The stocks of several casino operators with significant operations in Macau jumped on the news, which has helped stabilize the sector overall. The Casino Gambling motif is up 0.1 percent in the past month. In that same time, the S&P 500 is flat.

Over the past year, the motif has decreased 14.5 percent; the S&P 500 has risen 8.2 percent.

Holding steady on revenue losses would undoubtedly be reassuring to investors who have had a tough year in this space. As a piece by Trefis analysts recently pointed out, names like Wynn Gaming have fallen as much as 50 percent in the past year amid the anti-graft measures taken by the Chinese government.

Moreover, Beijing wants Macau to diversify its economy, which is largely dependent on gambling, said.

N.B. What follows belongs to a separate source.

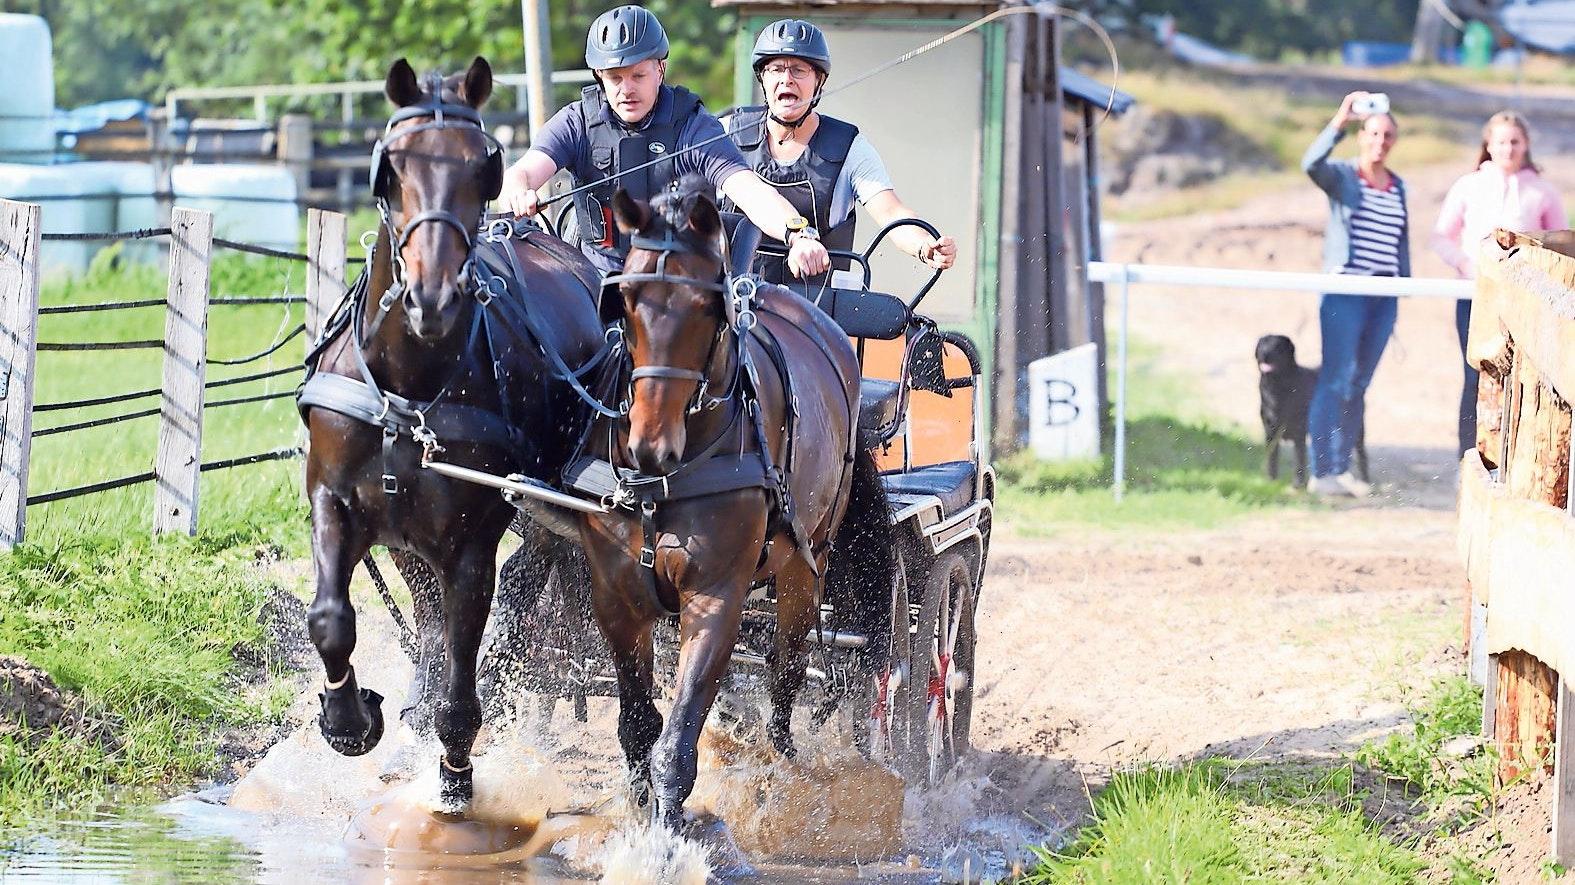 Durchs Gelände: Bei optimalen äußeren Bedingungen absolvierten die Fahrer in Thüle ihre Prüfungen.Foto: Passmann

As a result, gaming revenues have been declining for 12 straight months on the island.

Now, however, Trefis sees the latest data from Macau showing gains across all segments and indicative of early signs of recovery there. The analysts believe that growth in Mainland China visitors and China personal disposable income will spur gaming demand, which in turn will catalyze stocks like Wynn Resorts, Limited (NASDAQ: WYNN).

Next month’s data will likely have a lot to do with how extended of a rally the sector can sustain.